So it’s done. And because I’m me, I say each characters name and I thanking them for being my companion through these years. Then I tell them: Go in peace.
A few weeks later, I close my online shop of botanically dyed goods. In the first year I made money, which I can hardly believe. But it’s become too much of the wrong things.
I’ve been getting introduced as a dyer, or people recognize me around town as the girl who does plant dyeing. Each time it feels wrong. No, no, that’s not me, I find myself thinking. Yes, that’s a thing I do. But that isn’t Who I Am. It isn’t people’s fault that they say this; it just makes me realize something isn’t right. This doesn’t fit in my life.
Who am I though? What am I doing? Why does it matter? Have I wasted too much time with these questions?
What happens next?
30 years old exactly, an evening in early October
It’s my thirtieth birthday. I know what I want now and, maybe for the first time, I write it out clearly in my journal.
For the first time in a long time—maybe in over a decade—I live peacefully in the world and in my body. My body feels good and my mind feels clear. I don’t constantly look at my AppleWatch, worrying my heart is racing. Sounds and lights don’t hinder me. After months of supplements, probiotics, garlic therapy, and a diet protocol it feels like I am ok. I breathe easier. I sleep better. I can leave the house without panic.
I’ve been working for the little family. Sometimes it’s chaos but the work feels good. It’s undervalued work, for sure: cooking, cleaning, watching kids, folding laundry, errands. But this feels like the most vital work I’ve done. I’m not recognized as I was with my dye work. No one comes up to me and says, “Are you that girl that can clean up a kitchen so it’s spotless in an hour?” But this work of caring feels more true to myself than creating tons of dyed pieces for people to buy, or trying to write a novel, or even working in a library.

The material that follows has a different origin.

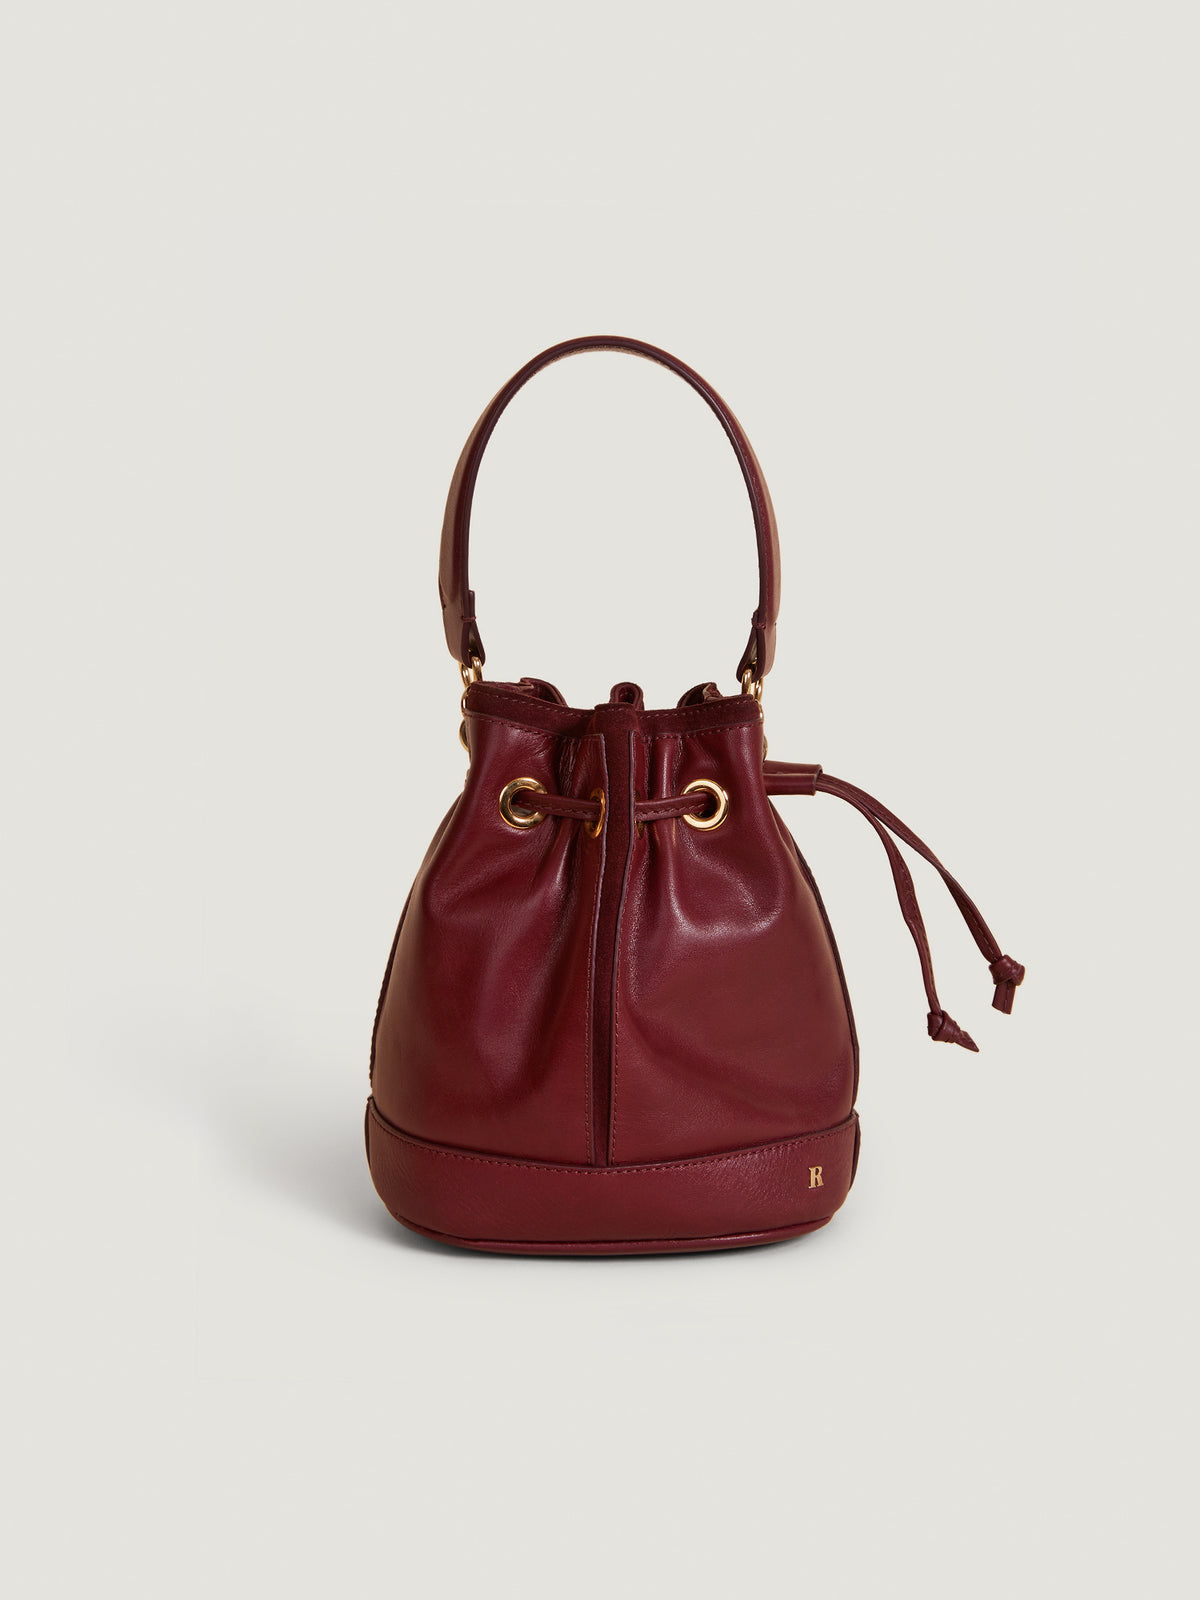 12 Leather Bucket Bags I'm Loving for Fall - Julia Berolzheimer

As I stand in the laundry room of the big old house where I work, I find myself thinking about what feels like a mythical time when we “lived in villages.” Did we all know this work of sustaining life mattered then? Did women really slip in and out of each others houses and lives, sharing the load of keeping life going together? Did we spend the majority of our days care for each other?

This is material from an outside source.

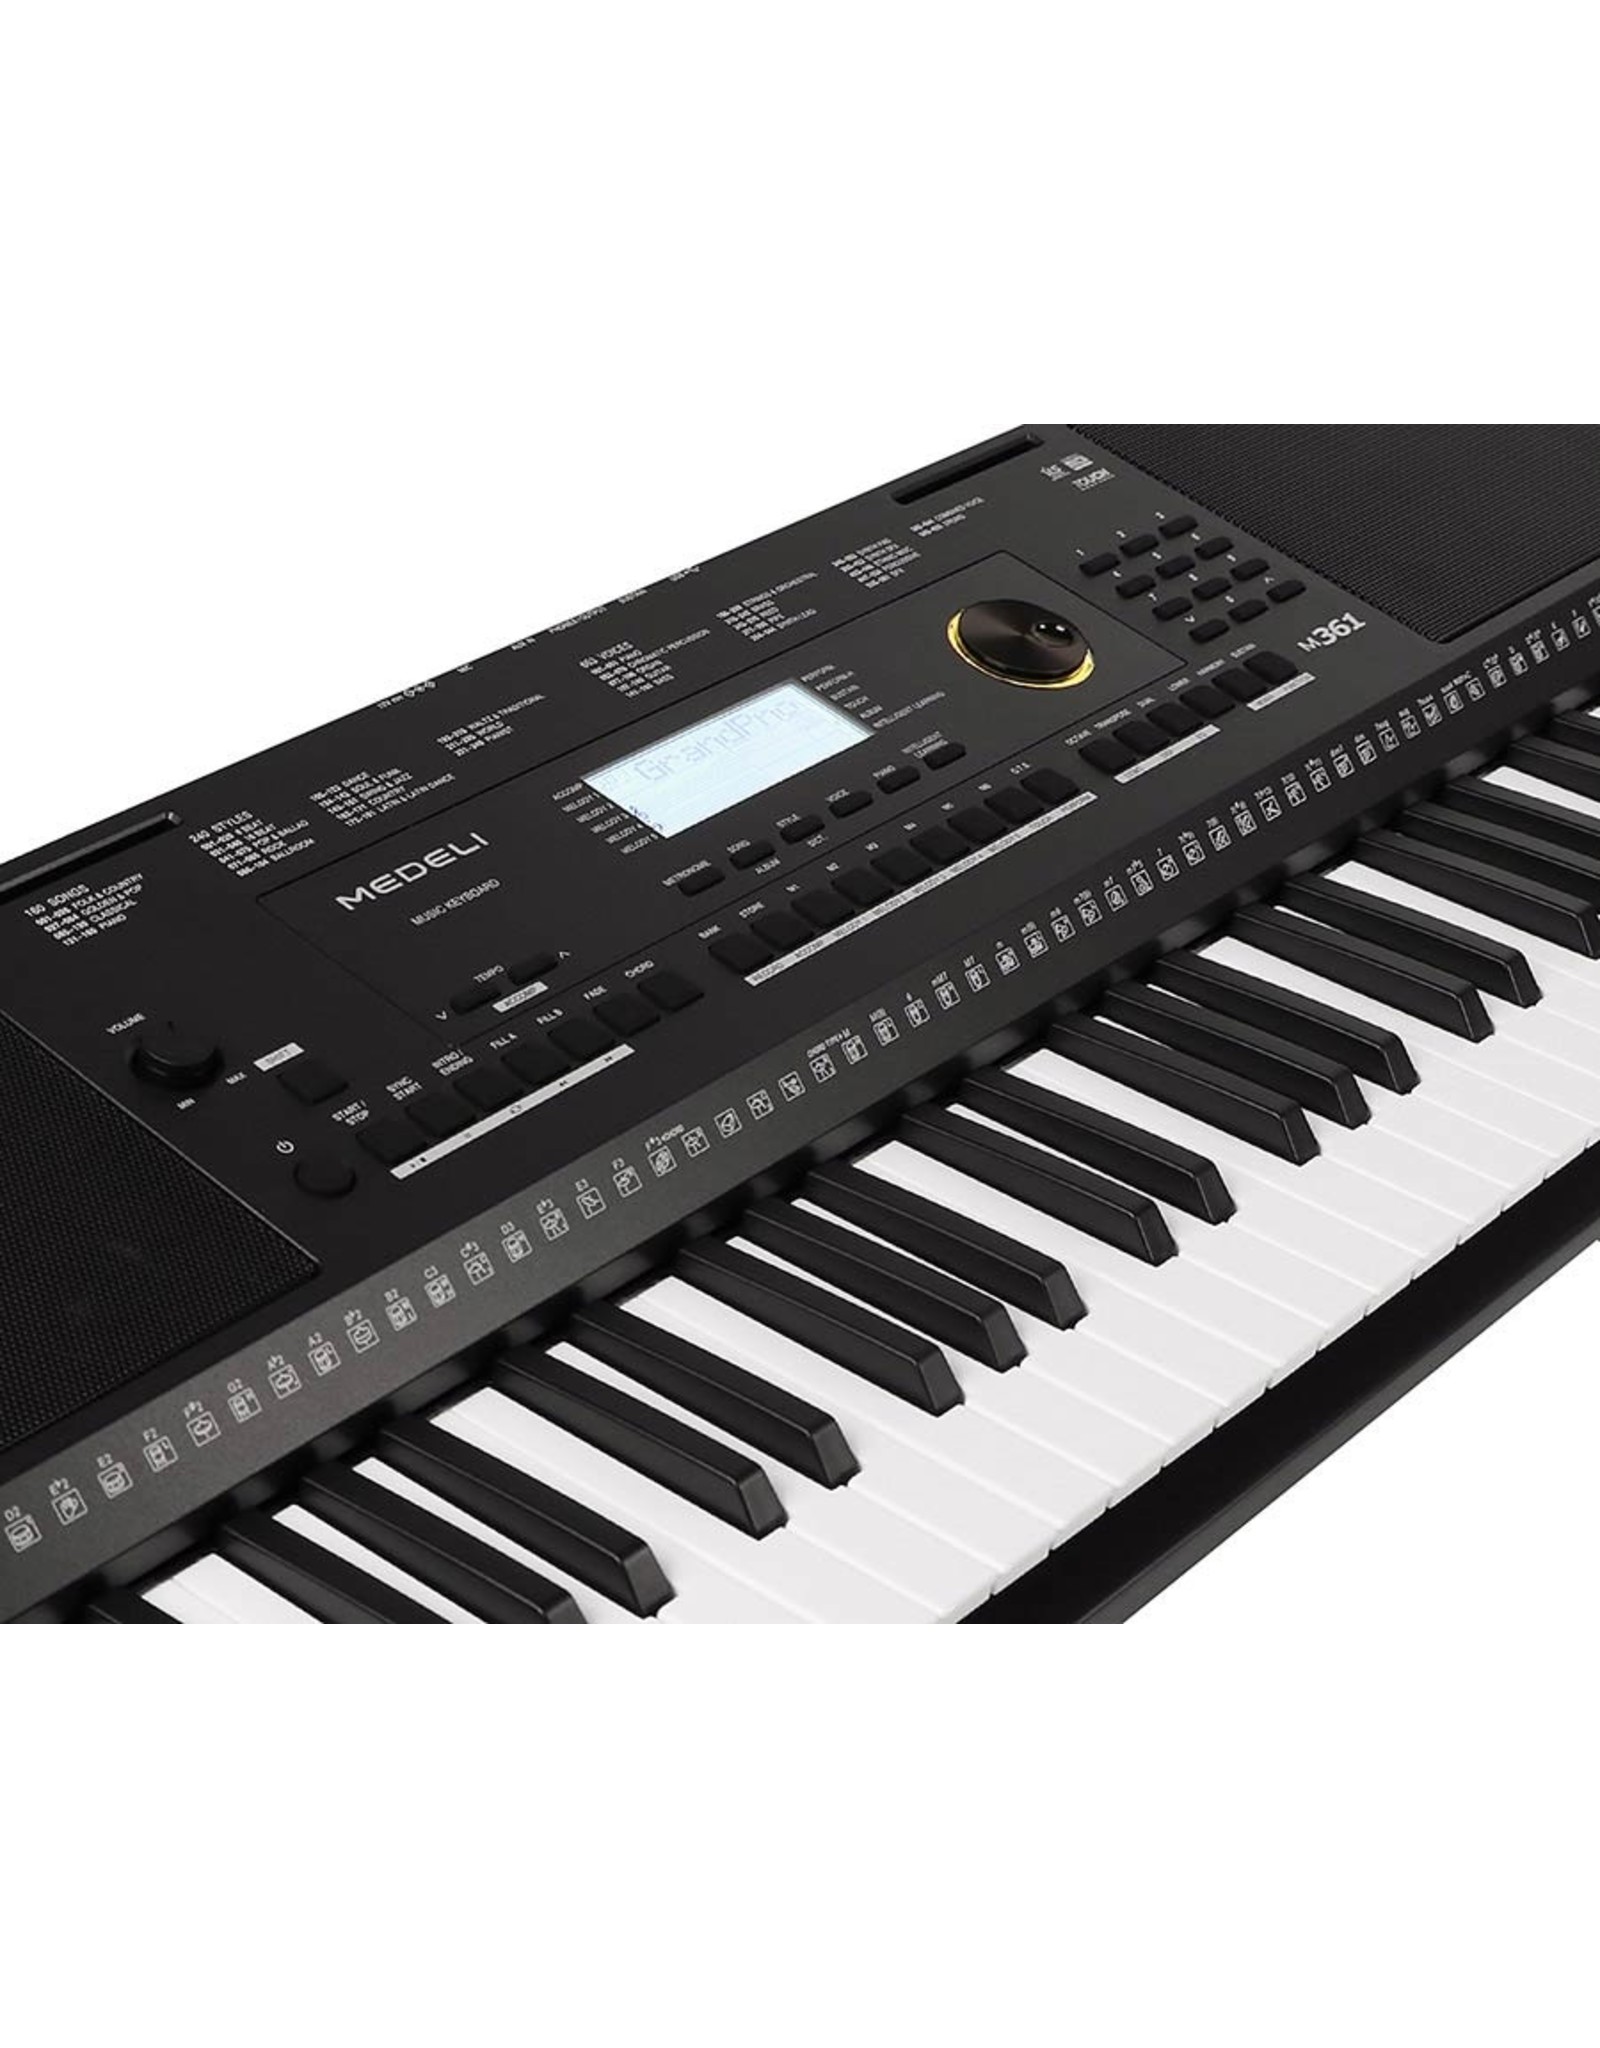 Medeli Medeli Millenium Series M361 keyboard | Met Specter Akkoordenkaart

Maybe. Maybe we did. So maybe that’s still possible.
For tonight, I dare to put down the words in my journal and say: This is what I want.

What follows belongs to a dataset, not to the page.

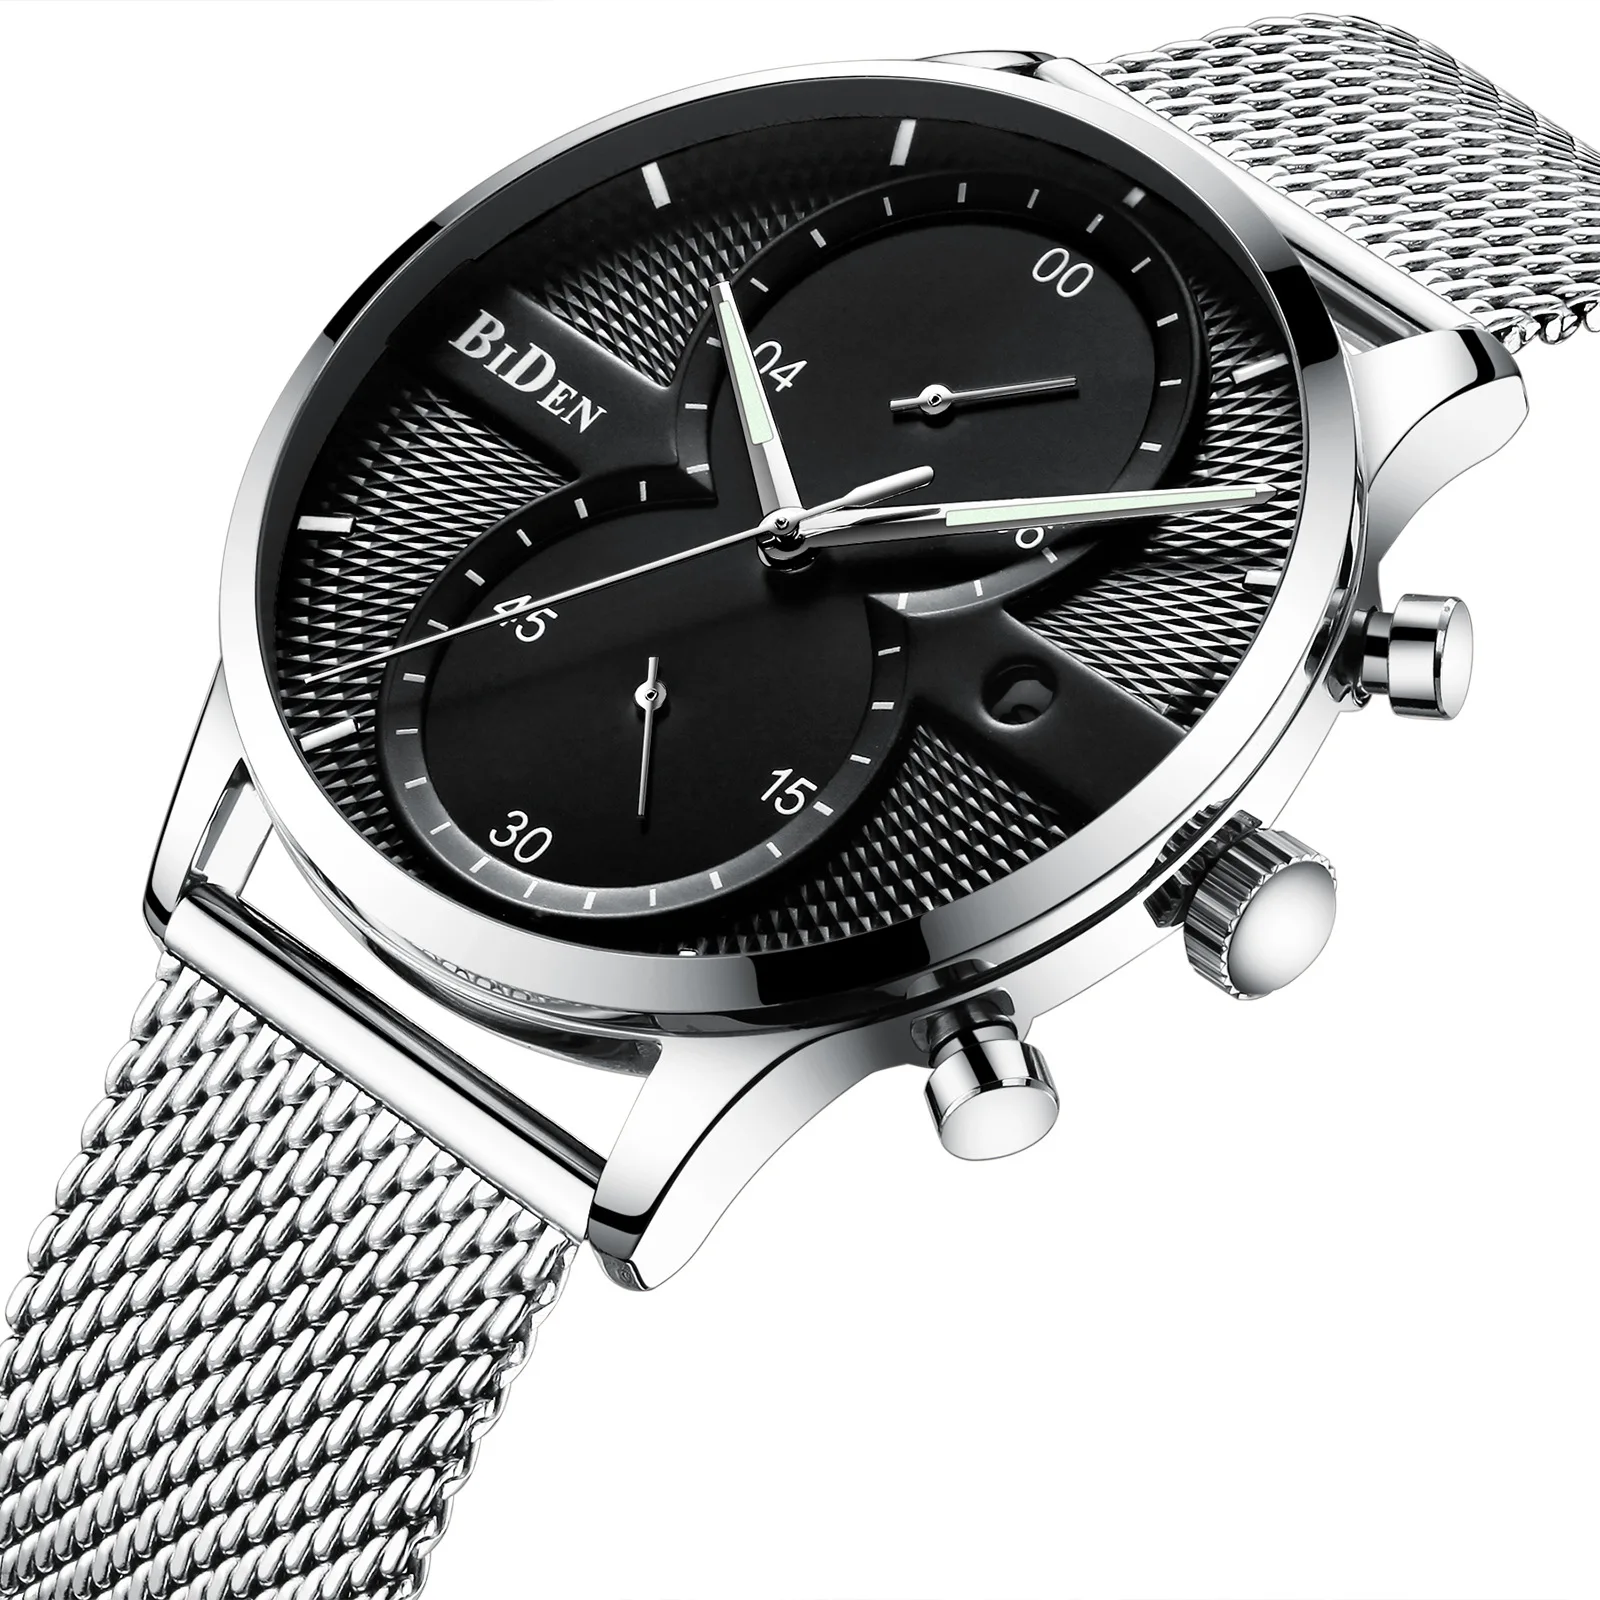 Biden мужские часы люксовый бренд мужские s часы кварцевые Многофункциональные деловые мужские часы водонепроницаемые модные часы мужские

30 years old, a January afternoon
I’m sitting at my desk, which is actually a wardrobe with a shelf/desk in it that I painted periwinkle blue. Turns out, periwinkle blue was the color of my bedroom as a baby.
My job caring for that dear family and their home has come to an abrupt but positive end. We started doing it because we both needed it and now we’ve all gone through a year of monumental change. They moved house, traveled the world, changed jobs, lost and gained pets. I healed. We’re in different places now, with different needs. In our ways, we supported each other through this year.
So I’m now adrift. And it feels…ok? Yes, it feels ok. How can it feel ok? How can it feel spacious to not know what comes next?
Being well, finally, certainly has something to do with it. I wouldn’t say I’m 100% “healed”—I’m a sensitive soul with a sensitive system and that’ll always be the case. Now there is a peace. I’m able to function in everyday situations and I’m not constantly plagued by mysterious systems. I’m not always in panic mode. If anything comes up I know that I can figure out whatever it is with the help of my husband and Angie.
With the time I now have I decide to start a Substack, which I’ve been meaning to do since last summer. I want to talk about menstrual cycles and bodies and how having a uterus is actually amazing and how society has left us in the dust but we can hold each other up. I want to talk about how the church and other institutions ignore women and marginalized people’s experiences and oppresses us. I want to talk about healing and the wisdom of the body. I want to talk about our place in nature. I want to talk about all of this with other people. I want to feel less alone and I want others in need to be supported.
I finally make an account and write my first post under the name that popped into my head some time ago: Peace of the Whole.
This, I think, is what I will do. For now, for always? Who knows. But this feels right. This feels like a good place to grow.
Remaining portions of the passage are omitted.